+++ Data below +++
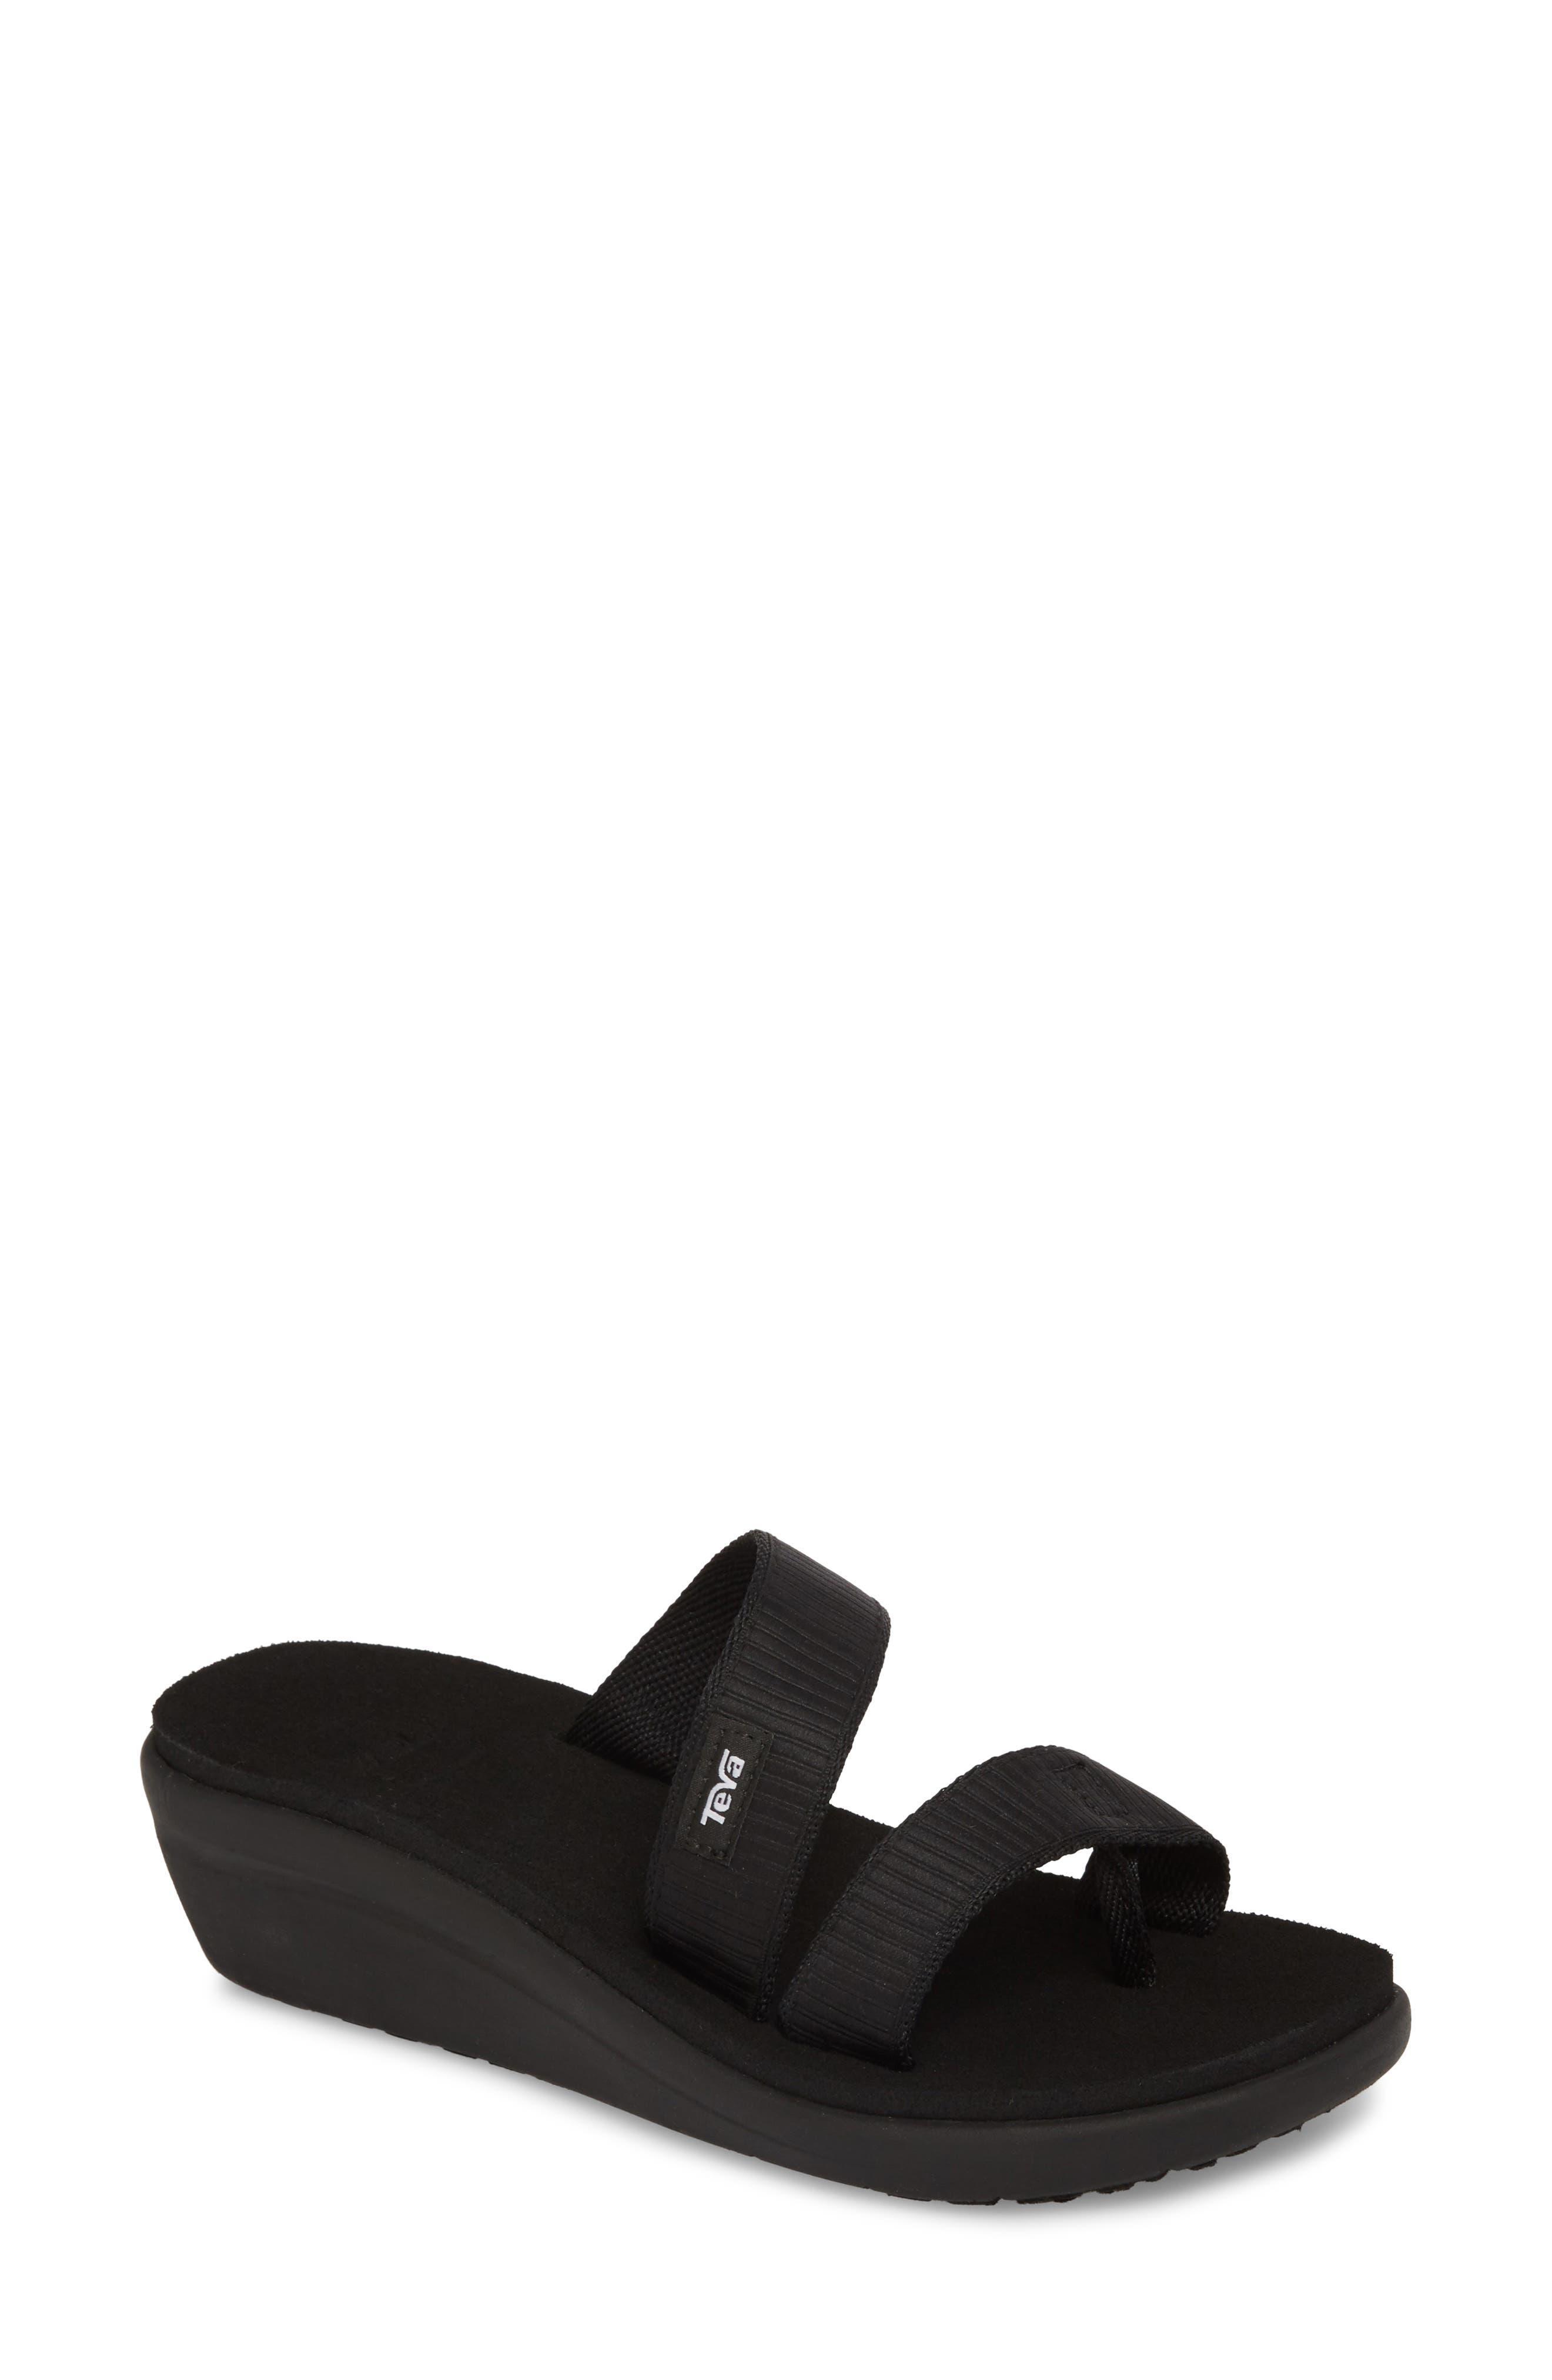 Voya Loma Wedge Sandal,                         Main,                         color, Livy Black
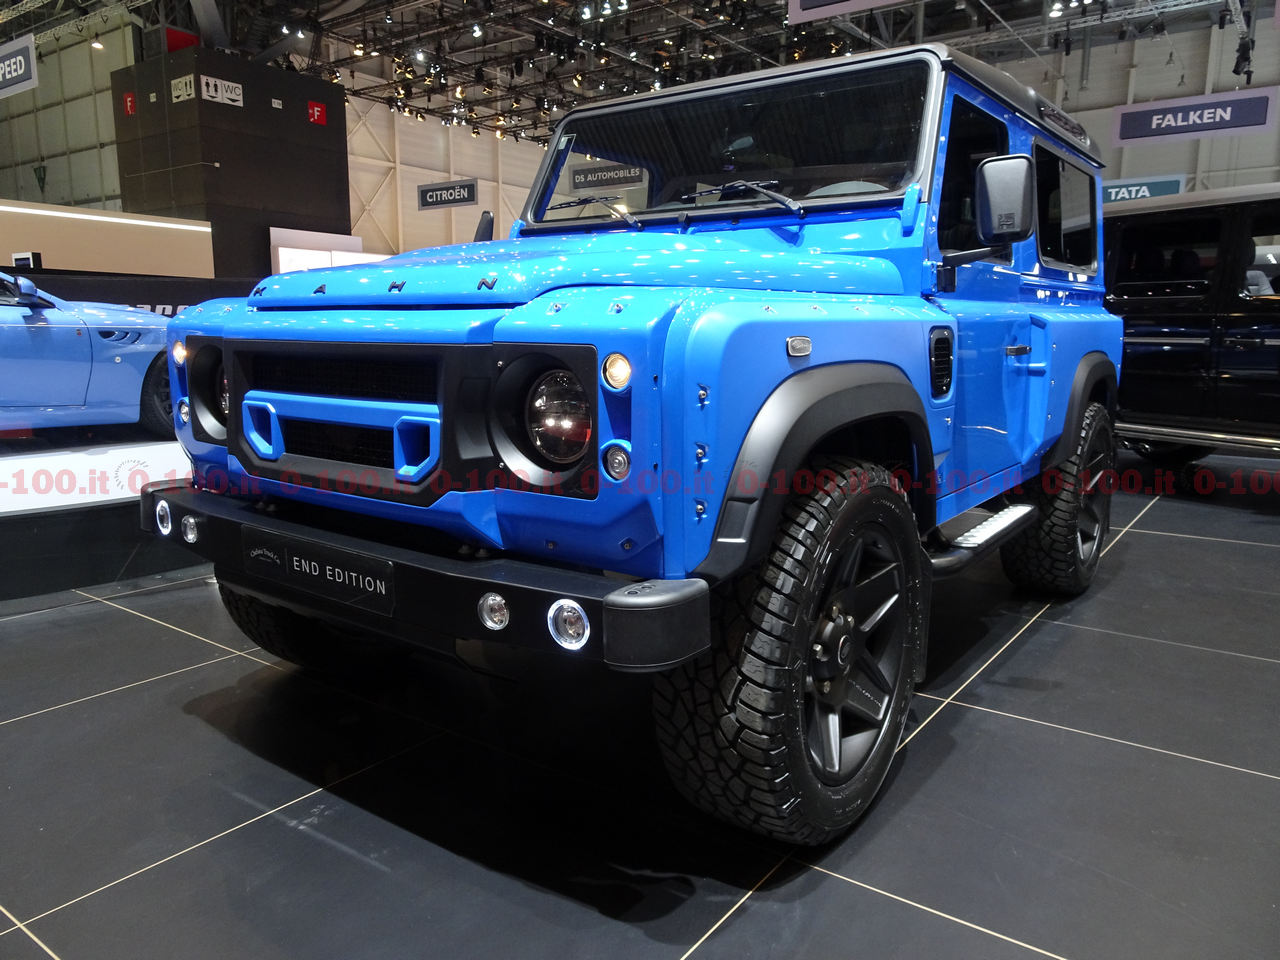 Geneve-ginevra-geneva-2017_tuning-khan-design-chelsea-truck-land-rover-defender_0-100_1
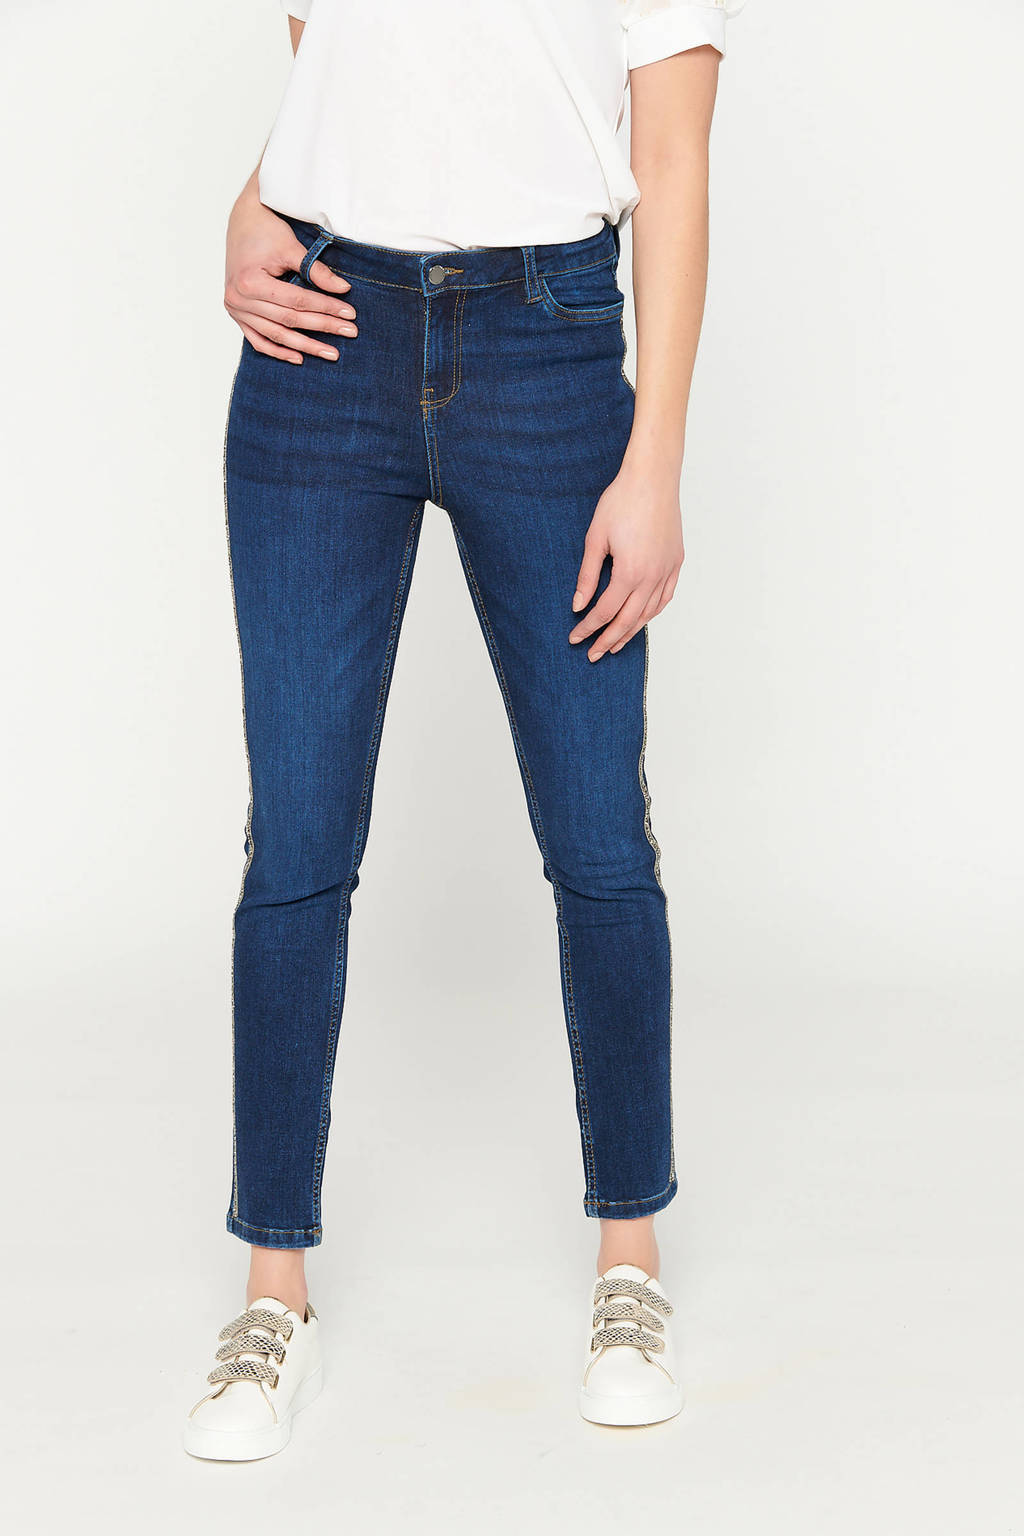 LOLALIZA skinny jeans donkerblauw, Donkerblauw
+++
» How to complete this task:
Line by line, reproduce the material above exactly, leaving each picture out.

» Your response:
 Voya Loma Wedge Sandal,                         Main,                         color, Livy Black
 Geneve-ginevra-geneva-2017_tuning-khan-design-chelsea-truck-land-rover-defender_0-100_1
 LOLALIZA skinny jeans donkerblauw, Donkerblauw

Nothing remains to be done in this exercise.